— Problem details —
No pictures in the copy. Write out the listing below exactly.

— Data section —
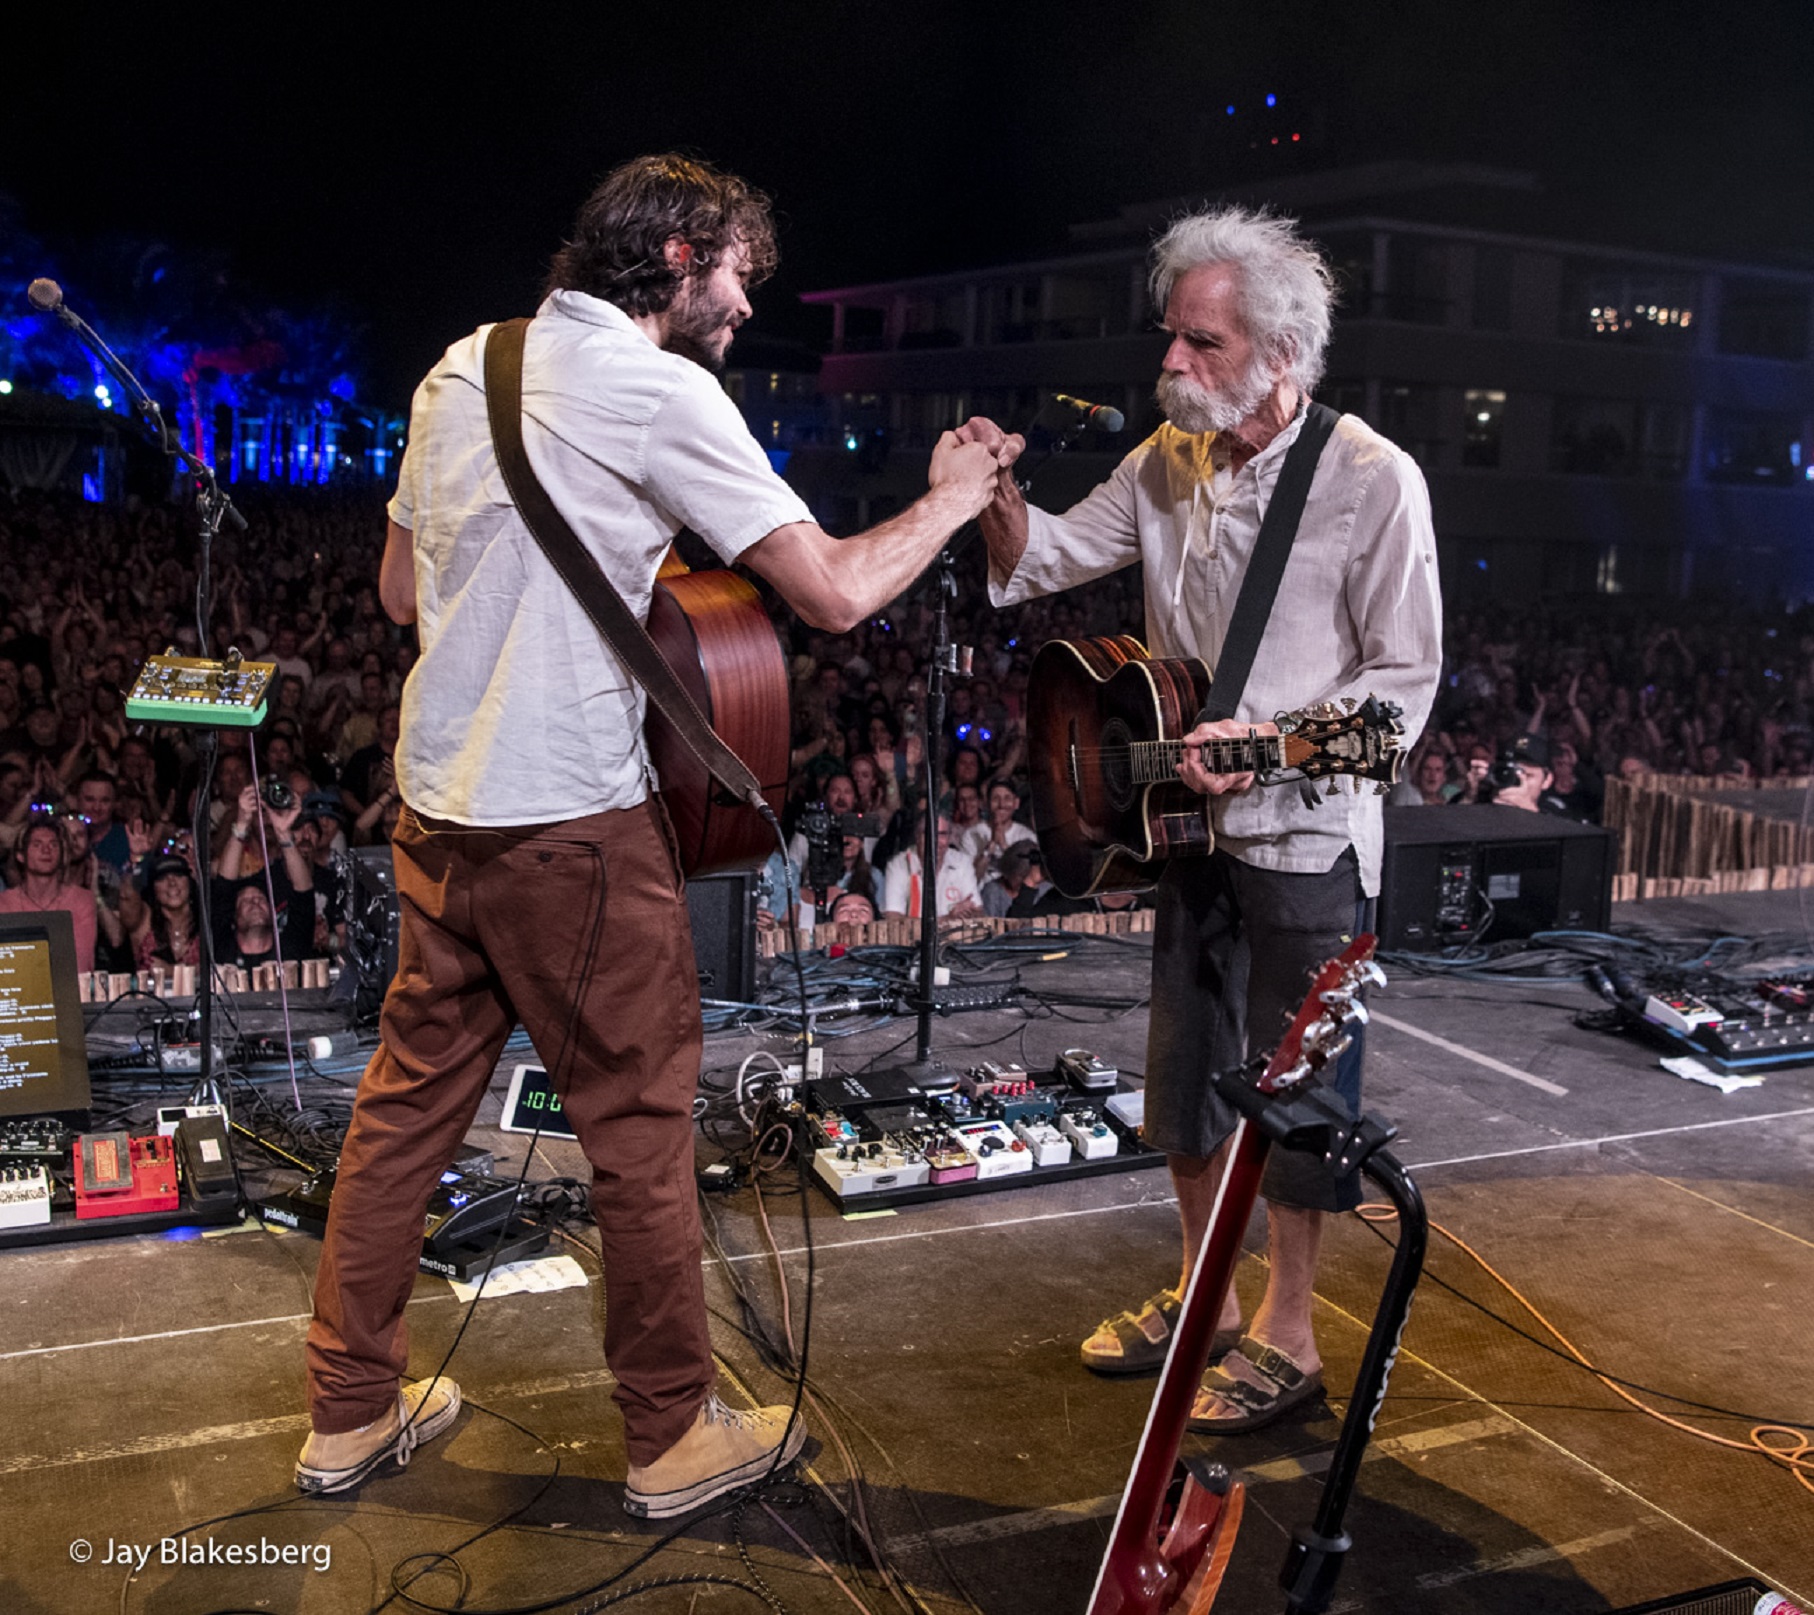 GOOSE JOINED BY LEGENDARY GRATEFUL DEAD GUITARIST BOB WEIR FOR TRIO OF SONGS DURING TWO-SET PLAYING IN THE SAND PERFORMANCE
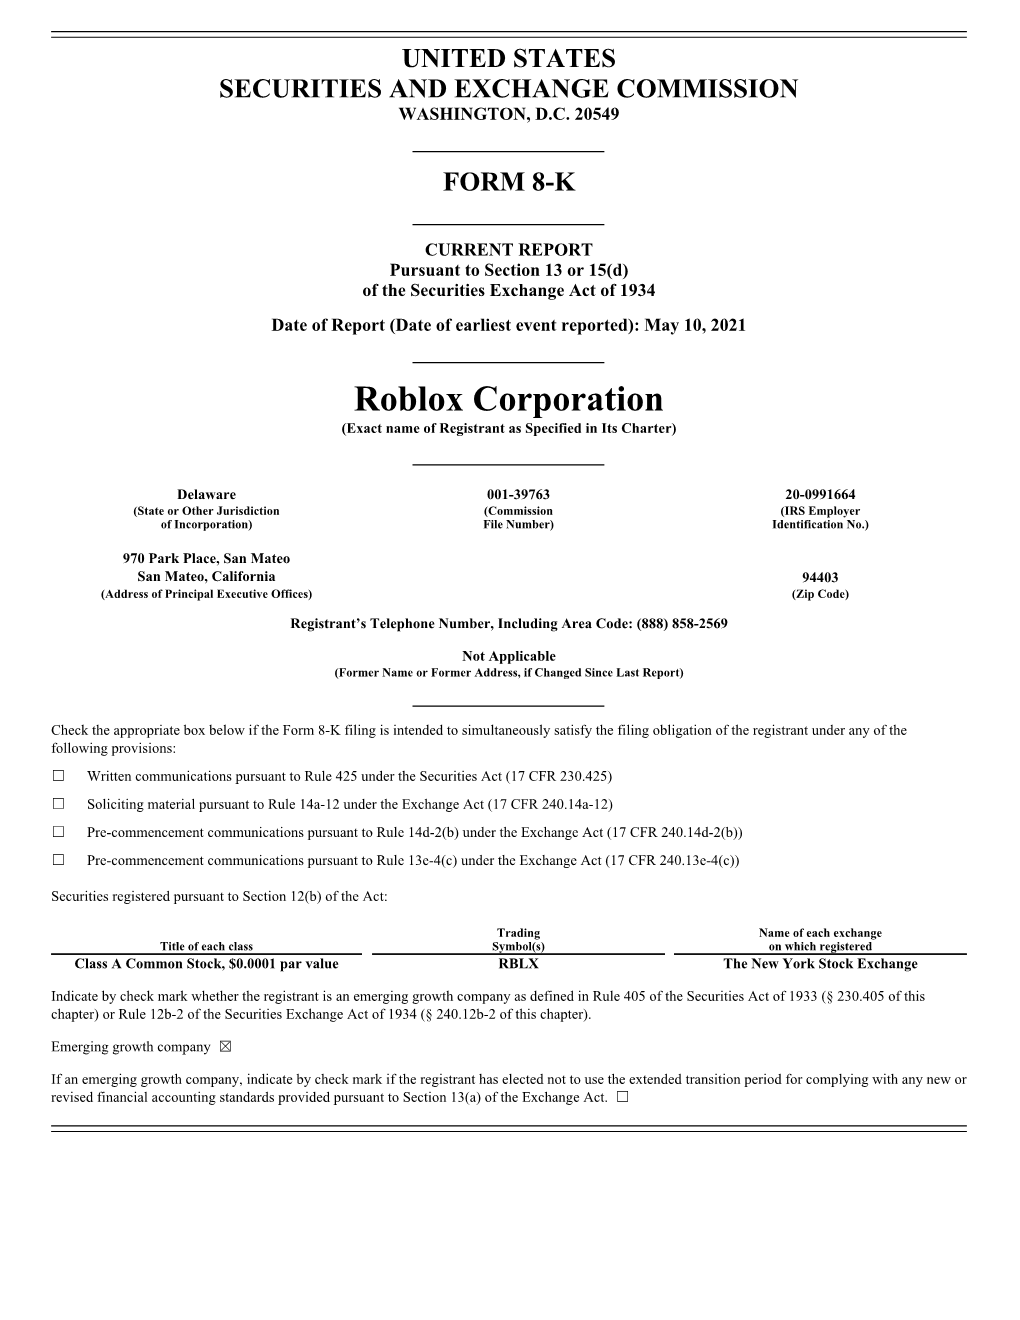 Roblox Corporation (Exact Name of Registrant As Specified in Its Charter)
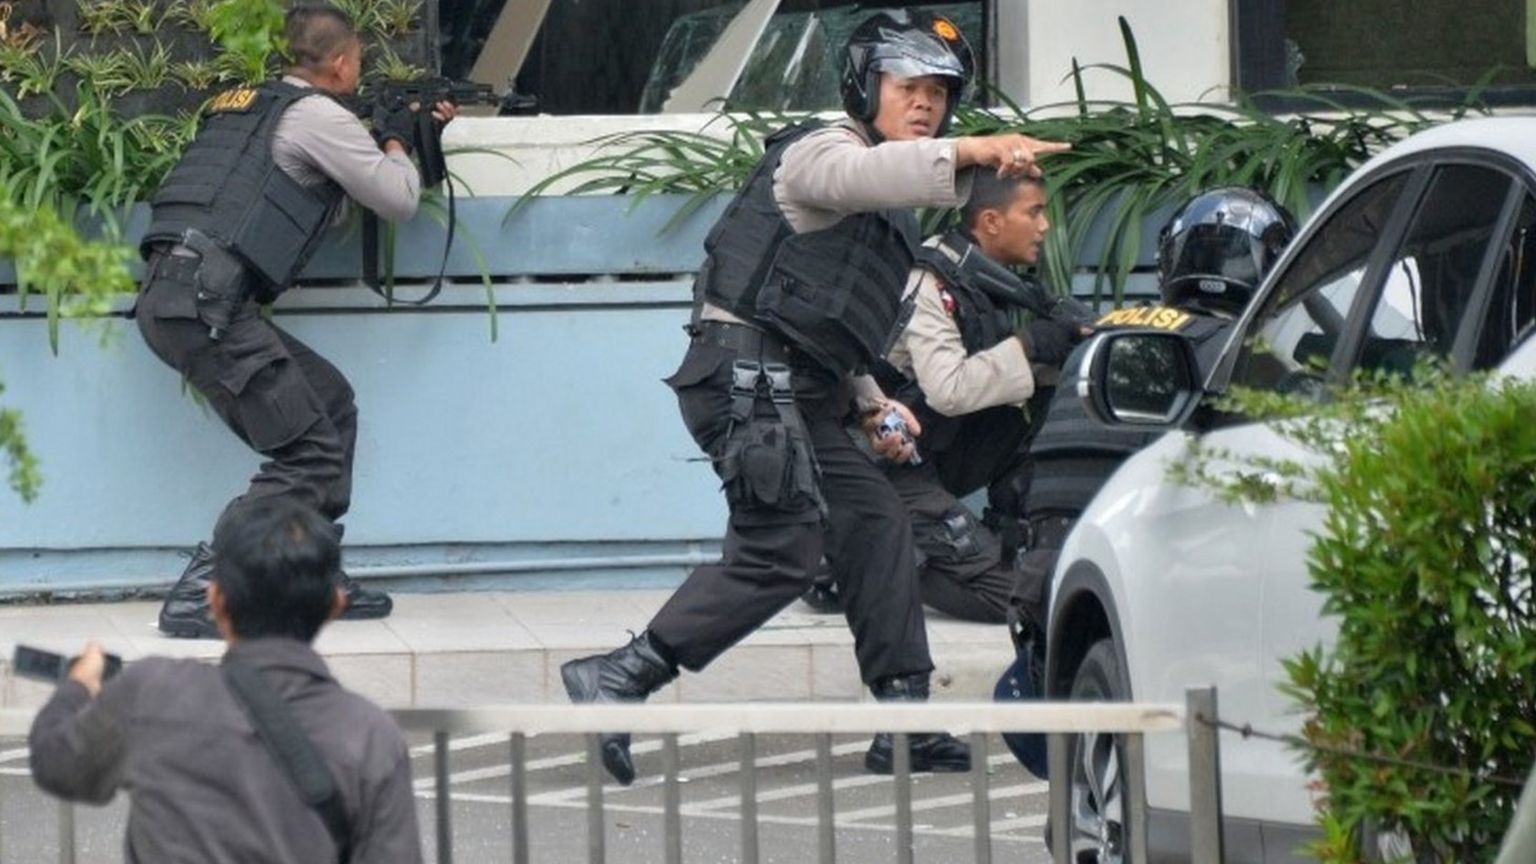 Indonesian police take position and aim their weapons as they pursue suspects in Jakarta
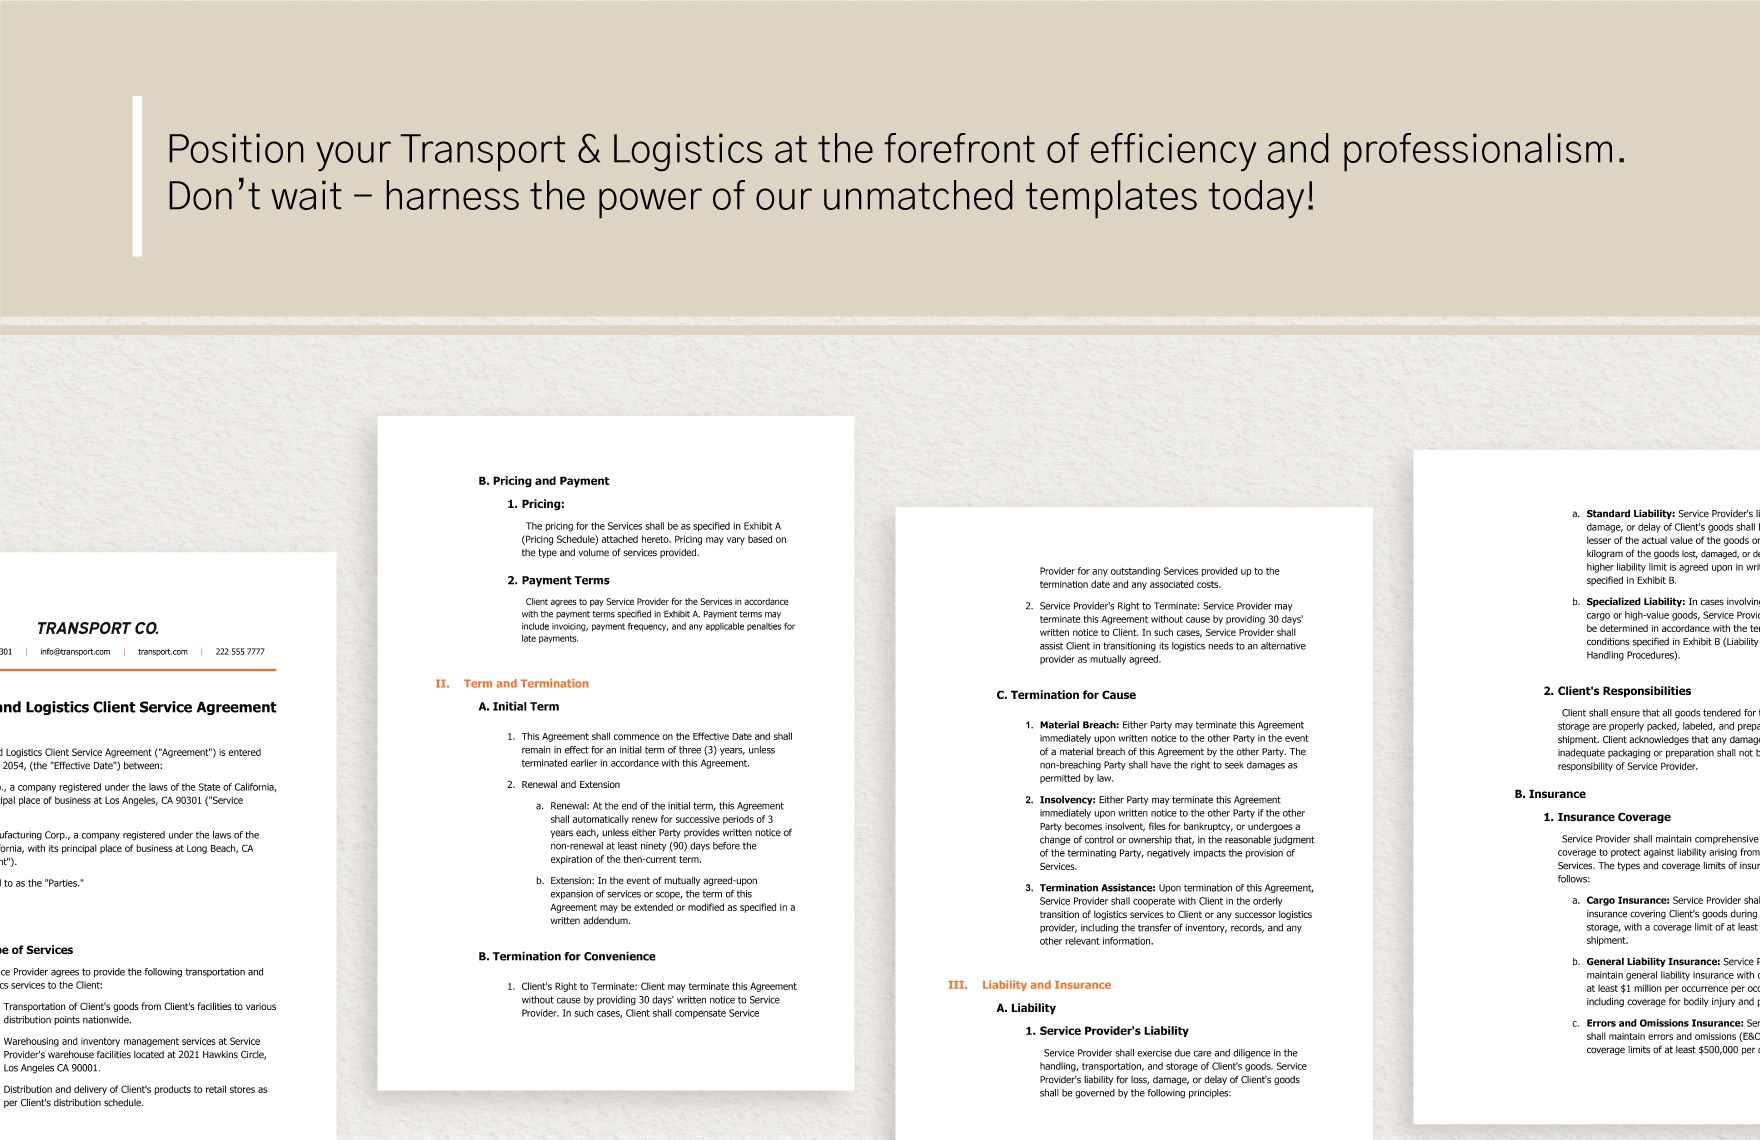 Transport and Logistics Client Service Agreement Template

— Exercise solution —
 GOOSE JOINED BY LEGENDARY GRATEFUL DEAD GUITARIST BOB WEIR FOR TRIO OF SONGS DURING TWO-SET PLAYING IN THE SAND PERFORMANCE
 Roblox Corporation (Exact Name of Registrant As Specified in Its Charter)
 Indonesian police take position and aim their weapons as they pursue suspects in Jakarta
 Transport and Logistics Client Service Agreement Template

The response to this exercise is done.